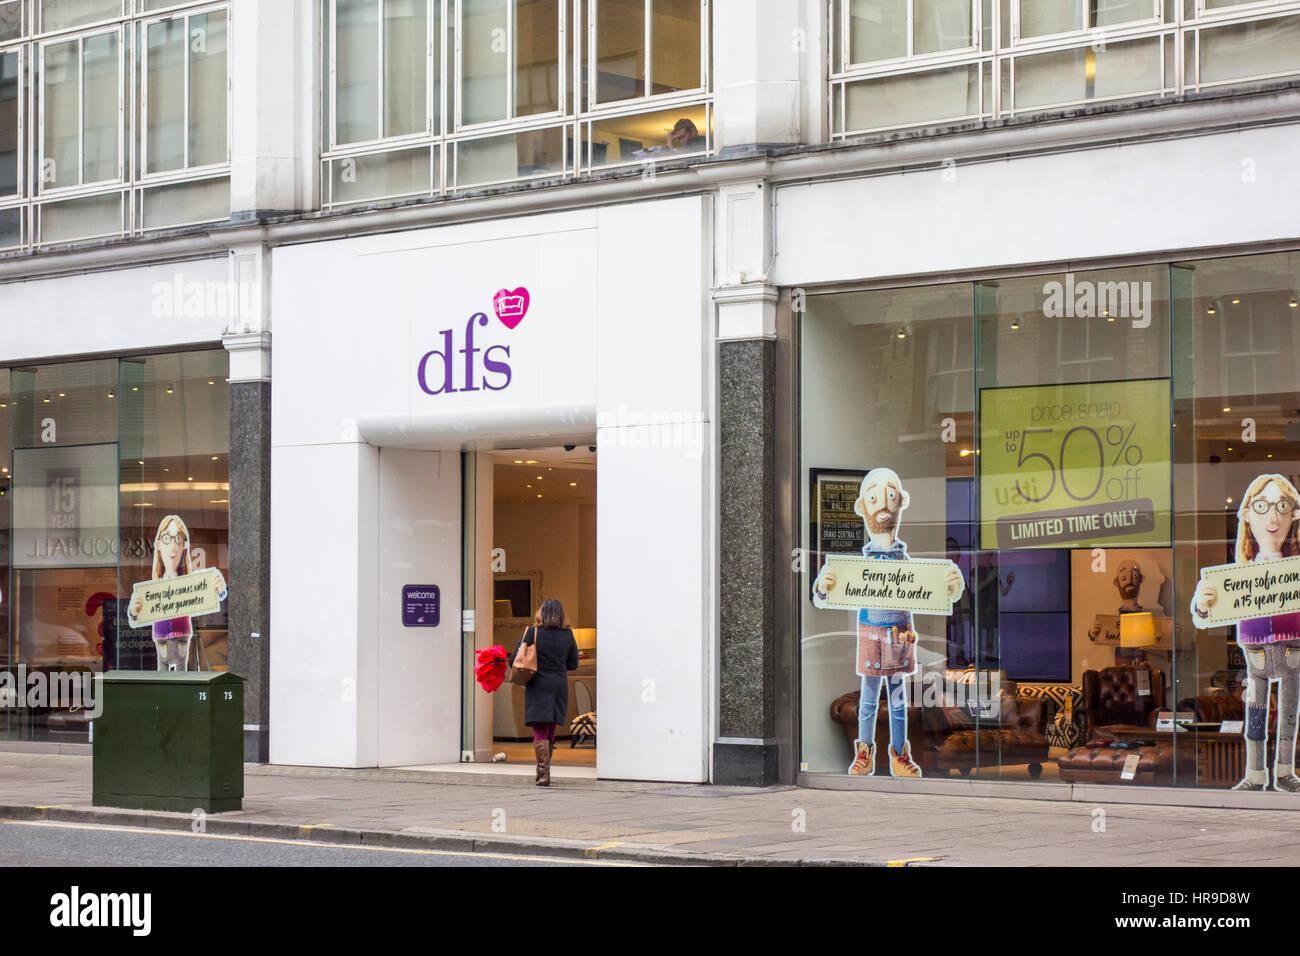 dfs shop store tottenham court road london uk stock photo
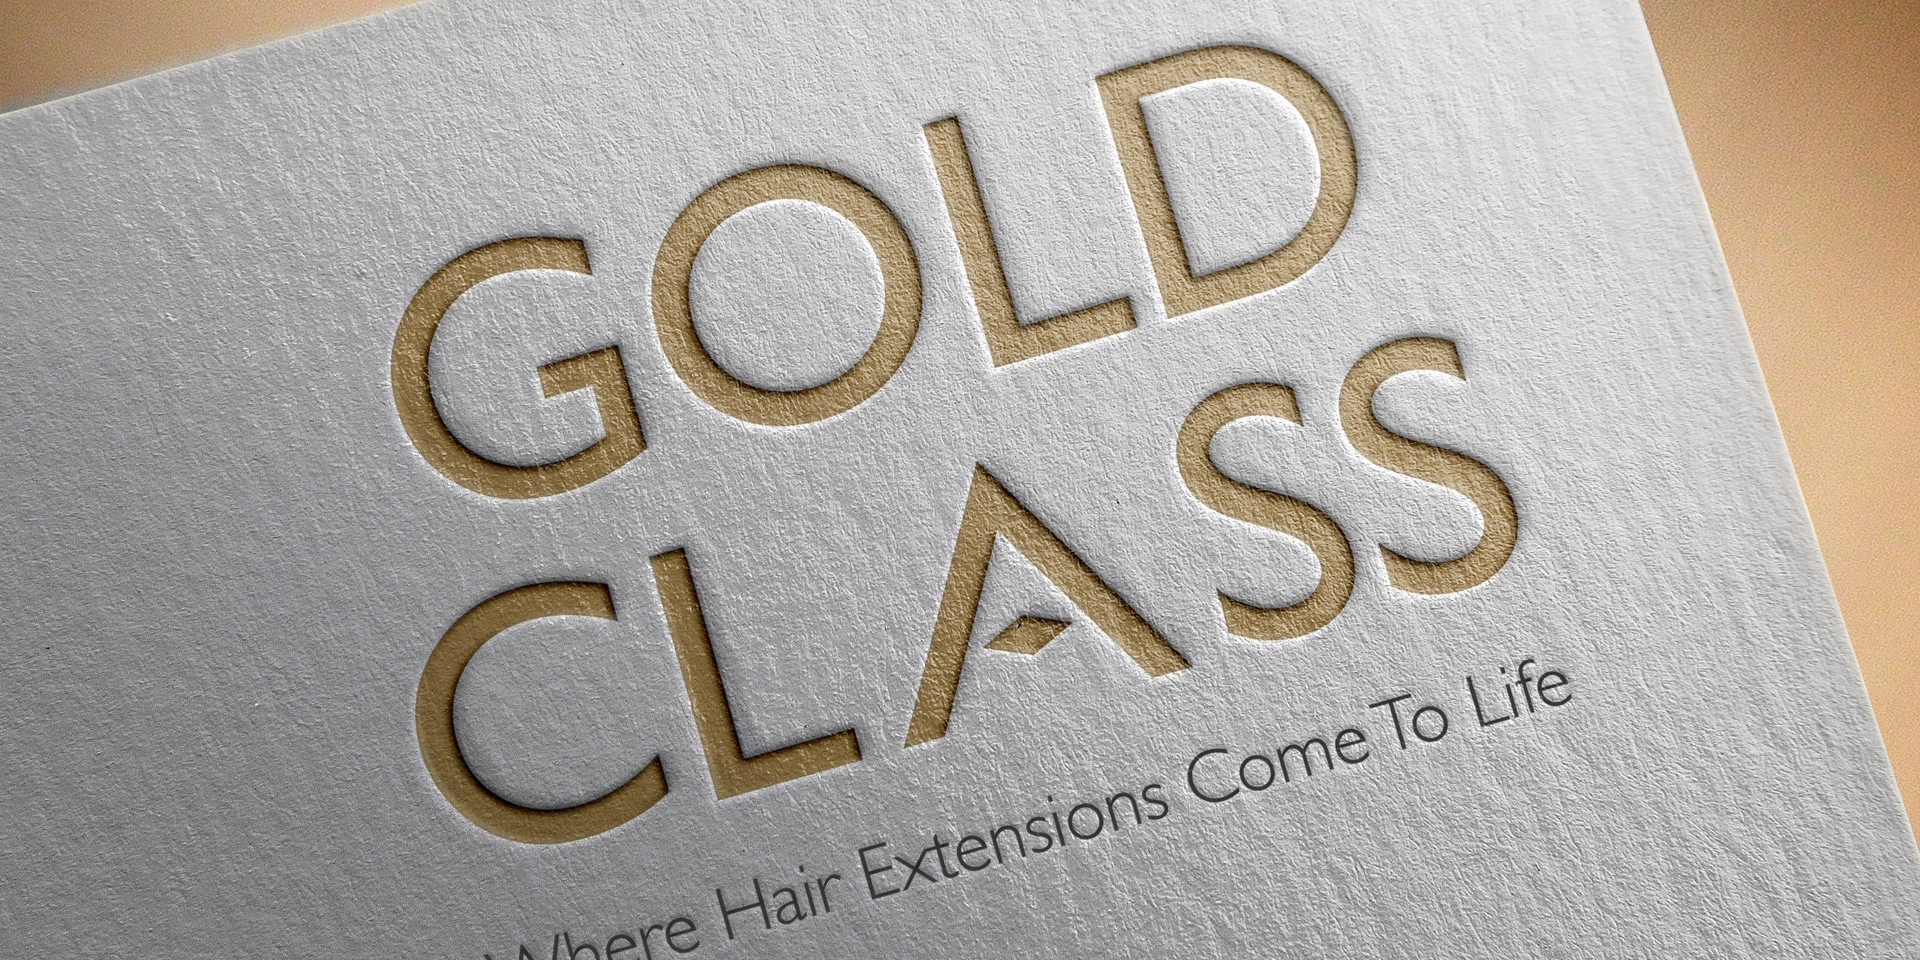 GoldClass_on paper.jpg
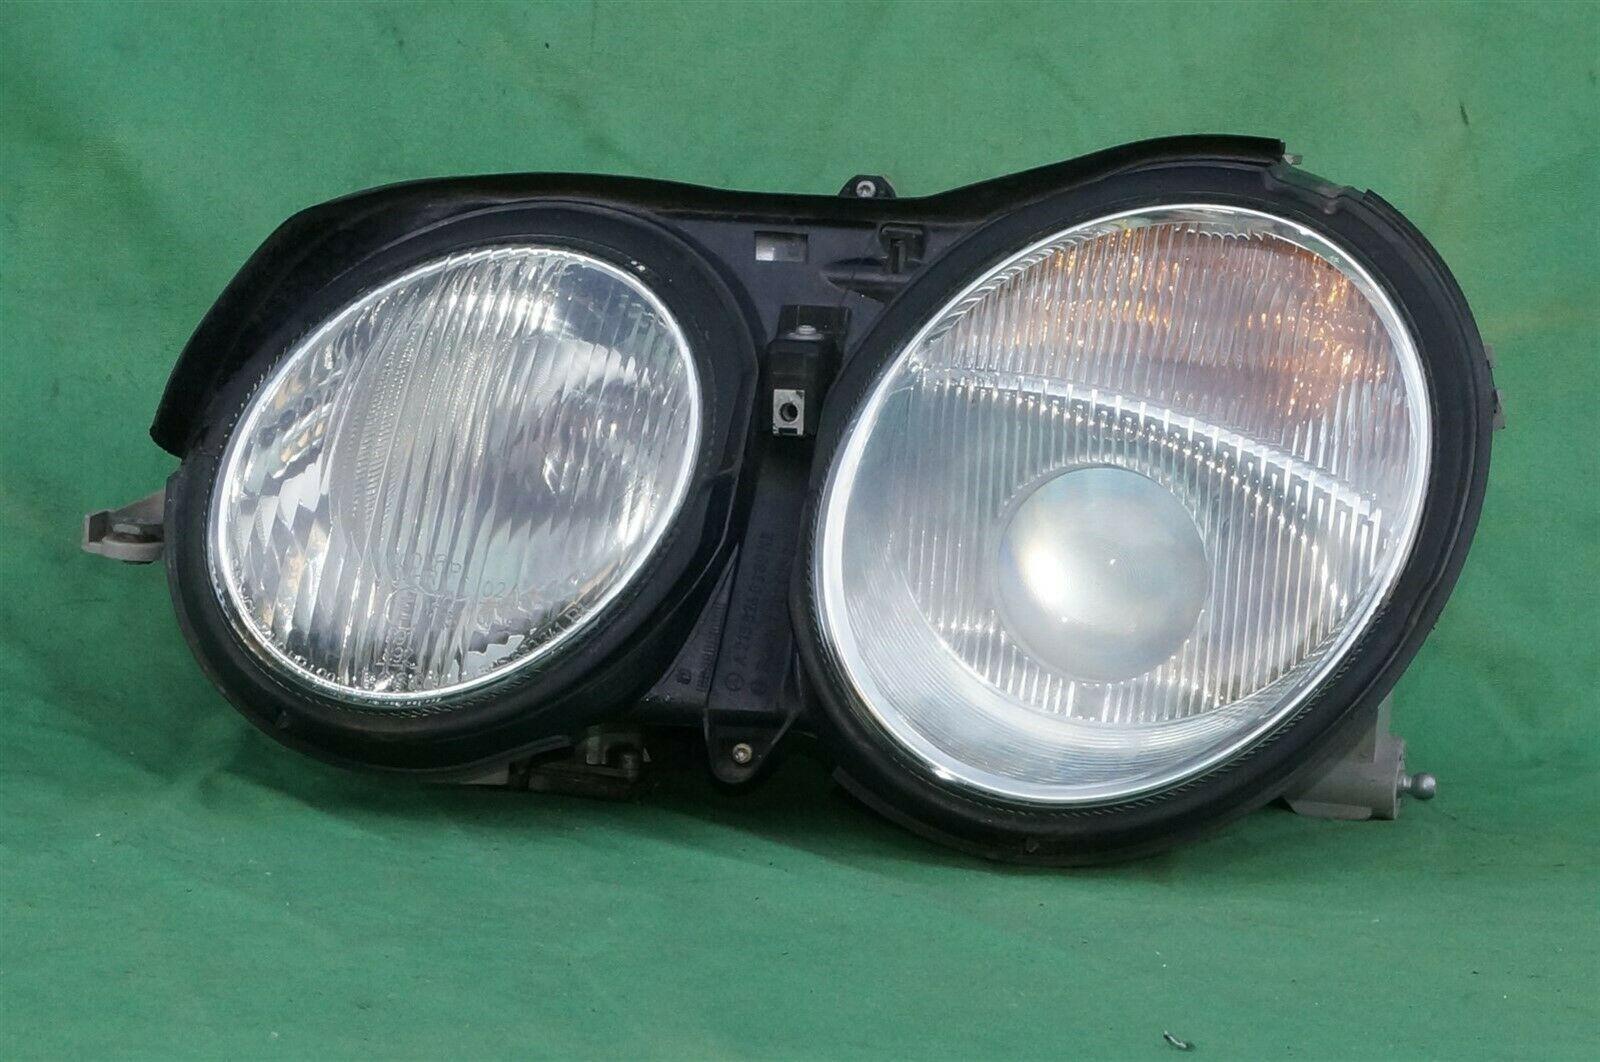 01-02 Mercedes W215 CL500 CL600 CL55 AMG Xenon HID Headlight Driver LEFT LH

* EXERCISE DIRECTIONS
Would you transcribe the listing above line by line, exactly, leaving every picture out?

* RESPONSE BELOW
 dfs shop store tottenham court road london uk stock photo
 GoldClass_on paper.jpg
 01-02 Mercedes W215 CL500 CL600 CL55 AMG Xenon HID Headlight Driver LEFT LH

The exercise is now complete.